目指せ!金持ちニート

不労所得で豊かな生活を過ごそう

名前とは非常に重要なもので、その名前だけでひとはそのモノがどういうものか想像しようとします。

最近奨学金の返済に苦しむ人が多くなり社会問題になっています。奨学金と聞くと必要とあらば気軽に申請してしまいがちですが、あれは実態はローンと変わりありません。ローンと聞くとちゃんと返せるかどうか一歩立ち止まって考えるものですが、奨学金というネーミングのせいでその抵抗がなくなってしまうのです。
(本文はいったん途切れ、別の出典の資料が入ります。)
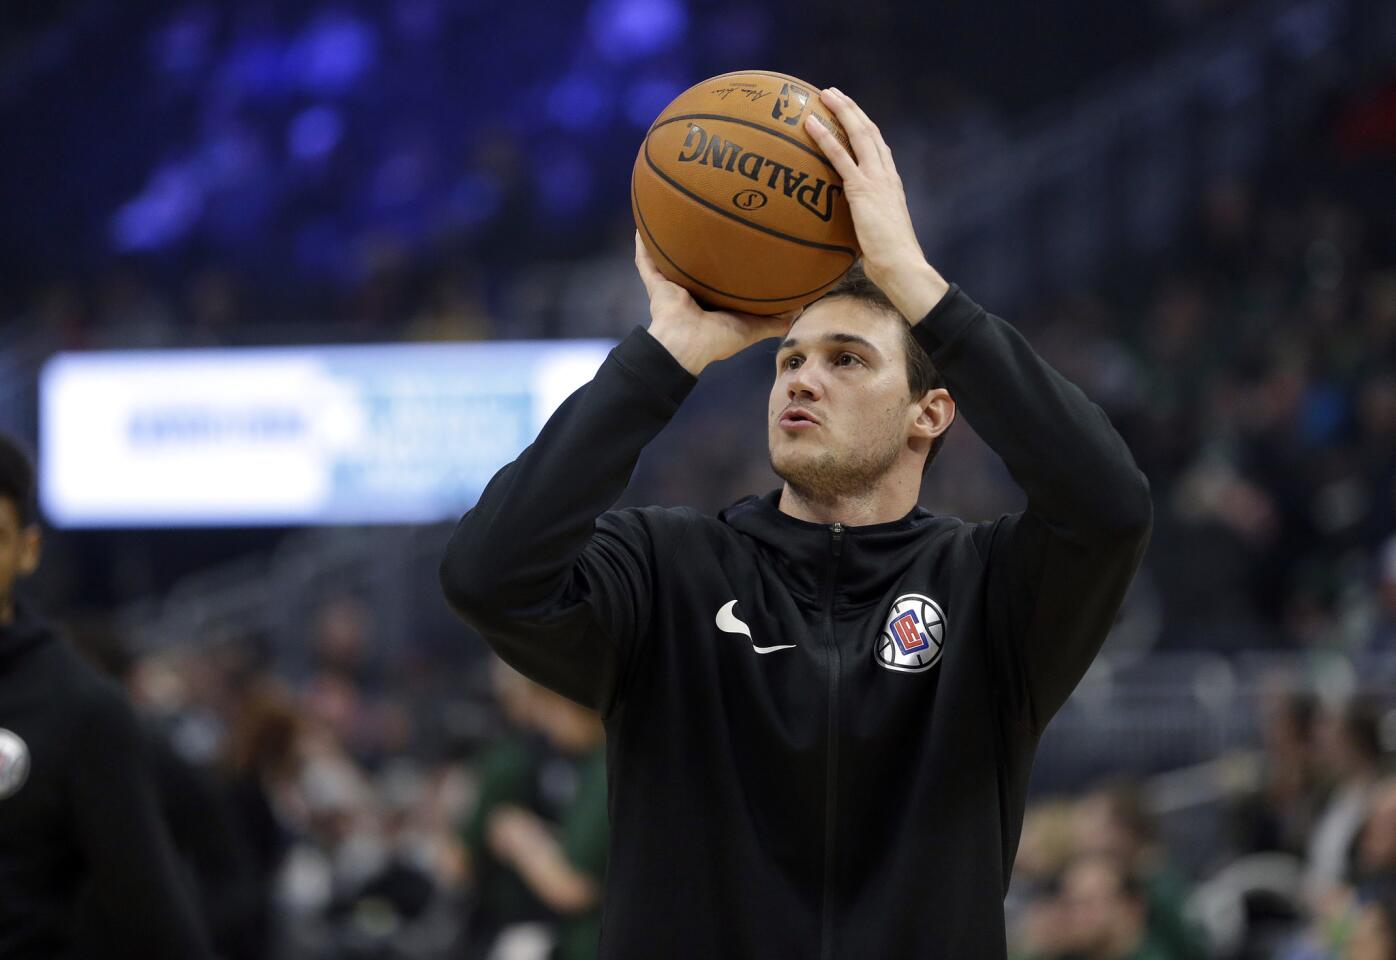 LA Clippers' Danilo Gallinari warms up before an NBA basketball game against the Milwaukee Bucks Thursday, March 28, 2019, in Milwaukee. (AP Photo/Aaron Gash)

そして返済する局面になってようやくただのローンだったということに気づき返済に四苦八苦していくのです。 

では「塩漬け株」というネーミングはどうでしょうか。 塩漬けして熟成し、おいしくなりそうな名前ですね。こんな名前を付けてるから人は損切りができないのです。

もっと卑猥で過激な名前にし、持っているだけで罪悪感を感じざるを得ないようにすればいいのです。

有名大学卒とかいう肩書きだけでその人をきっと優秀な人に違いないと思うことがあります。その肩書がハロー(後光)となってその人を輝かせるのです。このような現象をハロー効果といいます。

商品の紹介で「あの人も使っている」という言葉がよく出てきます。これはあの有名人が使っているならばきっといい商品に違いない、というように商品に後光がかかって見えるようにしているのです。

ではトレードではどうでしょう。

ずっと持ち続けていた塩漬け株をとあるカリスマトレーダーが購入したという情報を耳にしたとします。するとあのカリスマが目をつけてくれたなら大丈夫なはずだ、近いうちに助かるはずと思うようになります。塩漬け株に後光がかかったのです。論理的な根拠があるわけではないのにその後光だけで精神的にすごく楽になります。

ところが不思議なもので後日そのカリスマトレーダーがその株に見切りをつけたという情報を耳にしたとしても、自分は損切りできないんですよね。不思議なものです。

人は自分の判断が正しいと思ったらさらに確証を得るために都合のいい情報だけを集めようとします。正しいと信じ込ませるためにそれを裏付ける情報だけを収集し、それを否定するような情報は無視しようとします。これを確証バイアスといいます。

例えば30代の独身女性が婚活で年収1500万の男性を望んでいたとします。そして女性は30代からが花とかいう雑誌の甘い記事に読みふけり、その夢は実現できると思い込みます。一方で年収1500万の男性の割合がいかに少ないかとか、30代は20代にくらべて女性の価値は落ちているんだとか、そういう不利な情報は一切無視しようとします。

いわば確証バイアスとは思い込みが激しくて他人の意見に耳を傾けない人の状態ともいえます。

さてトレードではどうでしょうか。

何かの塩漬け株またはマイナスポジションを抱えてたとします。すると人はこれから値を戻すよといった自分を安心させる情報だけを集めようとするのです。そしてここからさらに値を下げる可能性があるよという情報は無視しようとします。

これもまた人が損切りすることを難しくさせる要因の一つなのです。